Increased levels of 8-isoprostane have been found in EBC of asthmatic subjects, confirming the role of oxidative stress in the pathogenesis of asthma 6, 7.

In many studies, an immunoenzymatic technique (enzymatic immunoassay; EIA) has been used to measure 8-isoprostane in EBC 710. Though the EIA approach is known to have some weaknesses in the analysis of EBC (inasmuch as the assay works close to its detection limit), to our knowledge no published studies have compared EIA with a reference analytical method based on mass spectrometry in the study of EBC.

It is widely acknowledged that asthma can be easily controlled in most cases, although there is a small subgroup of children with recurrent severe exacerbations or chronic symptoms despite prescription of multiple drugs. The term “problematic asthma” has recently been proposed to describe these children 11 and efforts should be made to better characterise this phenotype.

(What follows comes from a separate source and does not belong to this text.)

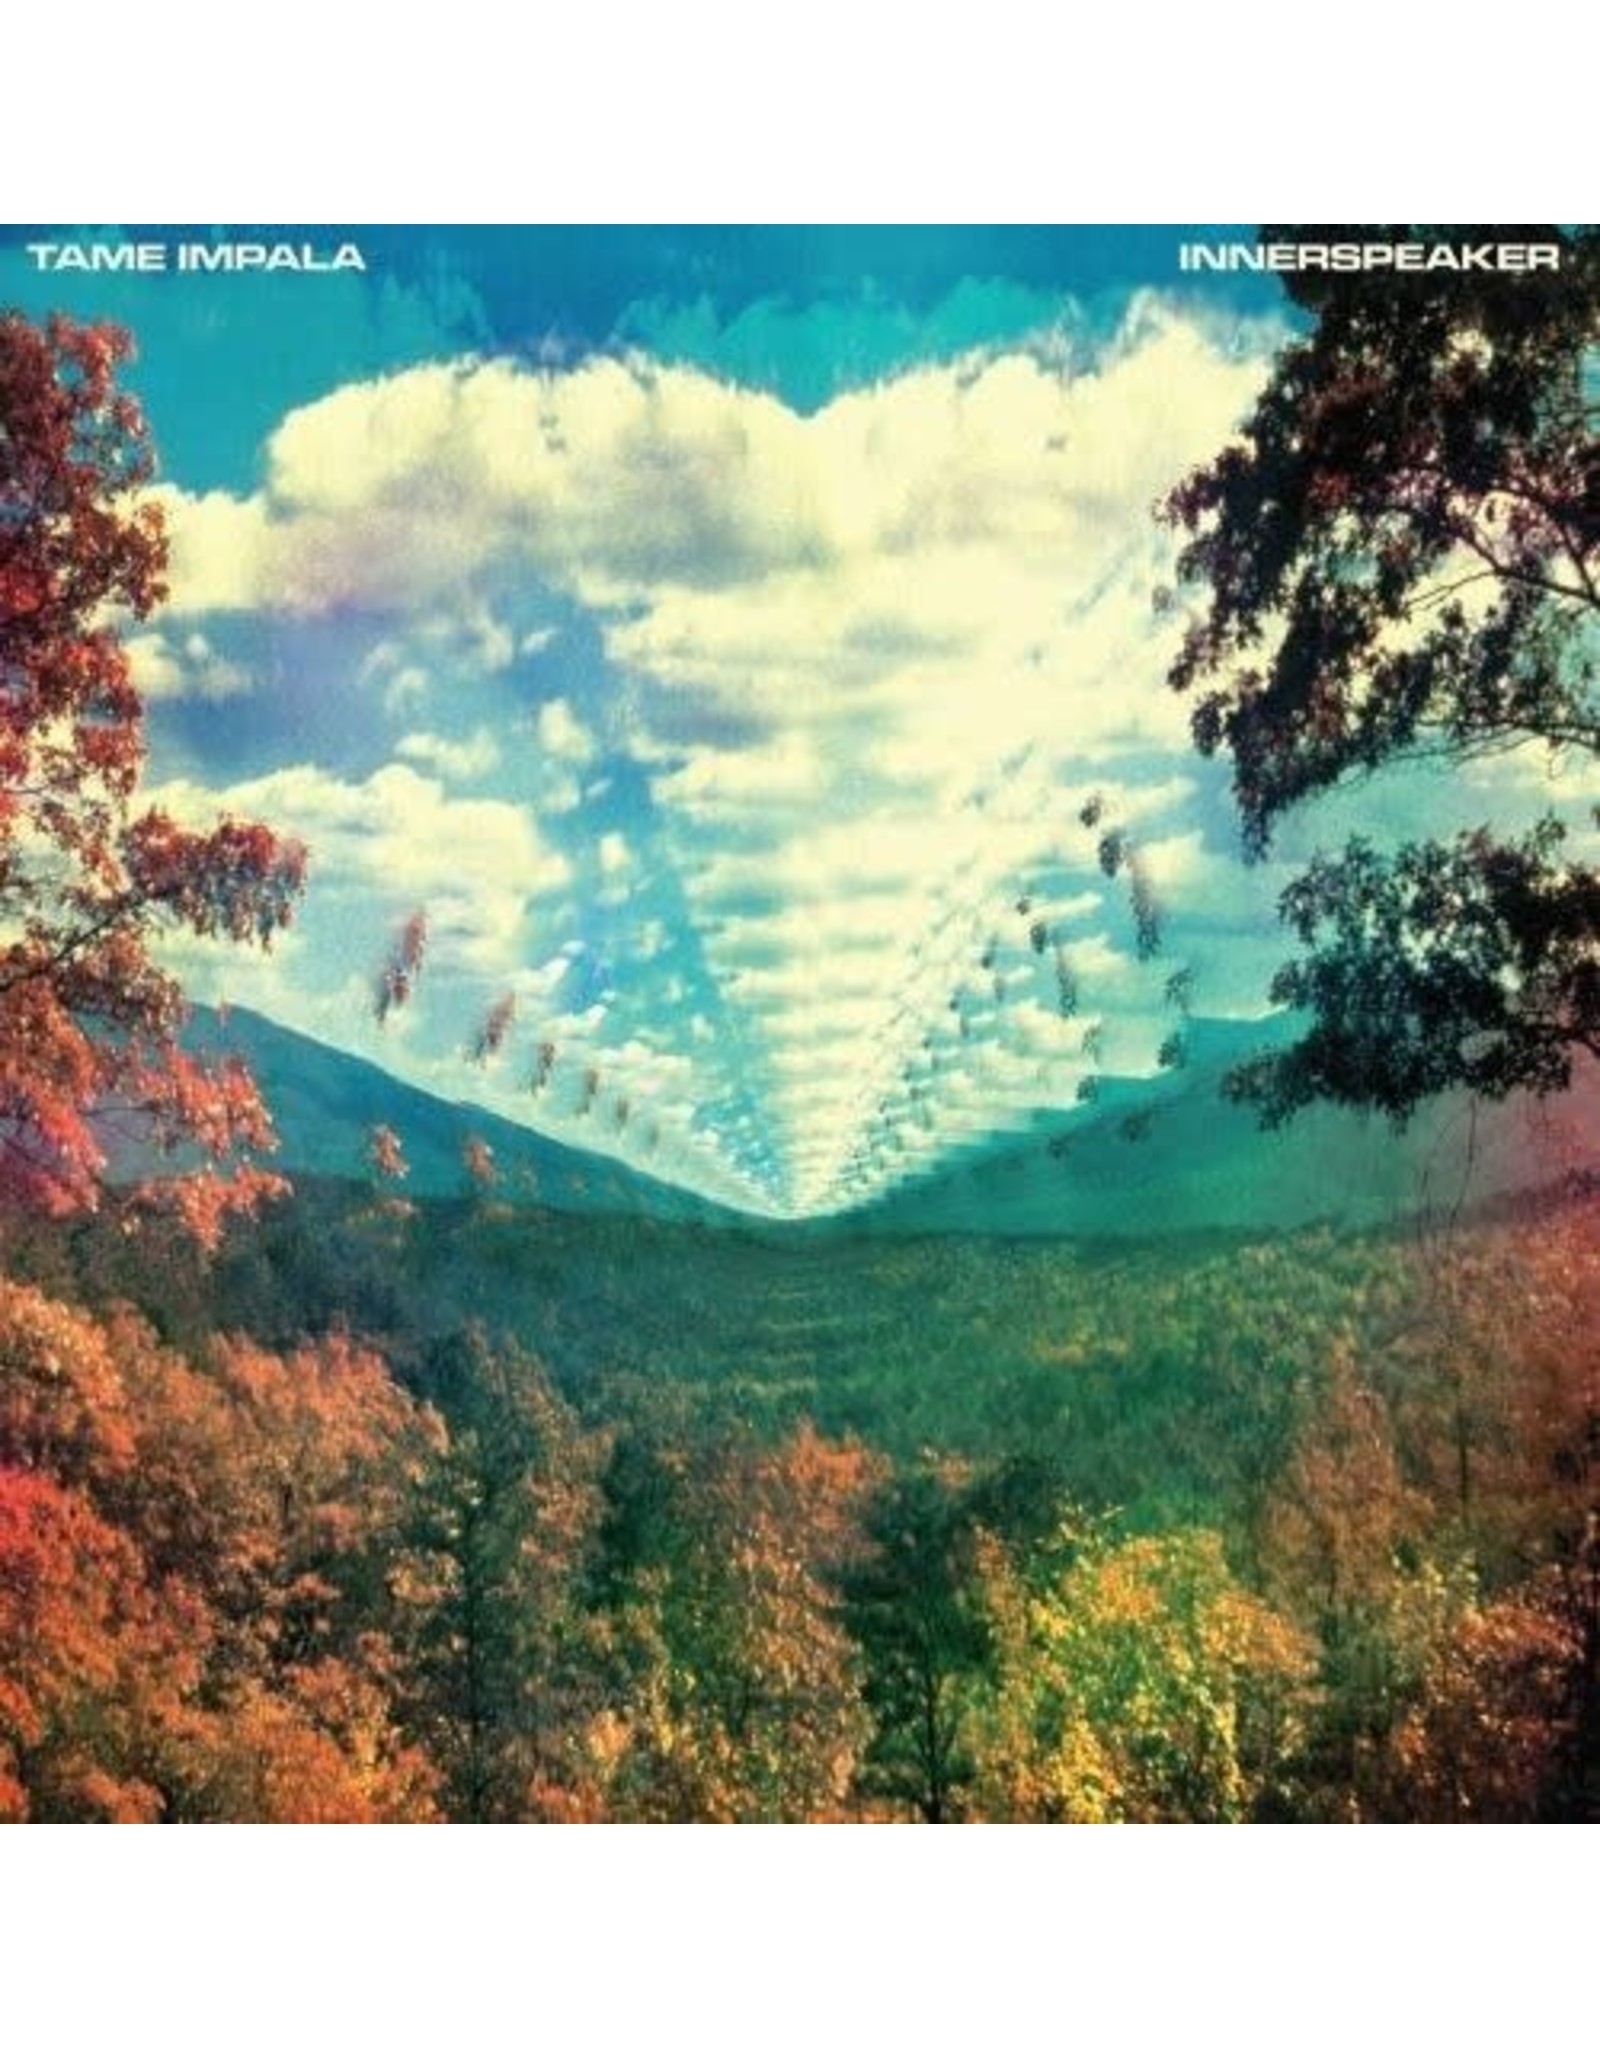 New Vinyl Tame Impala - Innerspeaker: 10 Year Anniversary Edition 4LP Box

The aims of the present study were 1) to measure the concentrations of 8-isoprostane in EBC of children with problematic and well-controlled asthma; and 2) to compare the concentrations of 8-isoprostane measured by gas chromatographic/negative ion chemical ionisation mass spectrometry (GC/NICI-MS) and by EIA. In addition, we compared the 8-isoprostane measured in EBC and in a urine sample, collected at the same time, in order to establish whether EBC, being a biofluid collected directly from the lung, can reflect pathological processes in the lung better than a systemic matrix, such as urine.

METHODS

Patients

20 asthmatic children were enrolled, whose asthma was diagnosed by a paediatric respiratory physician based on their clinical history (cough, shortness of breath, recurrent wheezing and chest tightness) and an increase in forced expiratory volume in 1 s (FEV1) after salbutamol (400 μg) >12%, according to international guidelines 12. Seven of these children had problematic asthma 11 while the other 13 children had well-controlled asthma 12. Problematic asthma was defined as the presence of chronic symptoms and/or frequent exacerbations and/or persistent airflow obstruction, despite treatment with high dose of inhaled steroids (ICS) 12 combined with long-acting β2-agonists (n = 7), montelukast (n = 2) and theophylline (n = 1). Cystic fibrosis, immunodeficiency and chronic rhinosinusitis had been excluded. Gastro-oesophageal reflux had been demonstrated and treated in three of these children. Nine of the 13 children with well-controlled asthma were treated with low–medium doses of inhaled steroids and seven were also taking long-acting β2-agonists.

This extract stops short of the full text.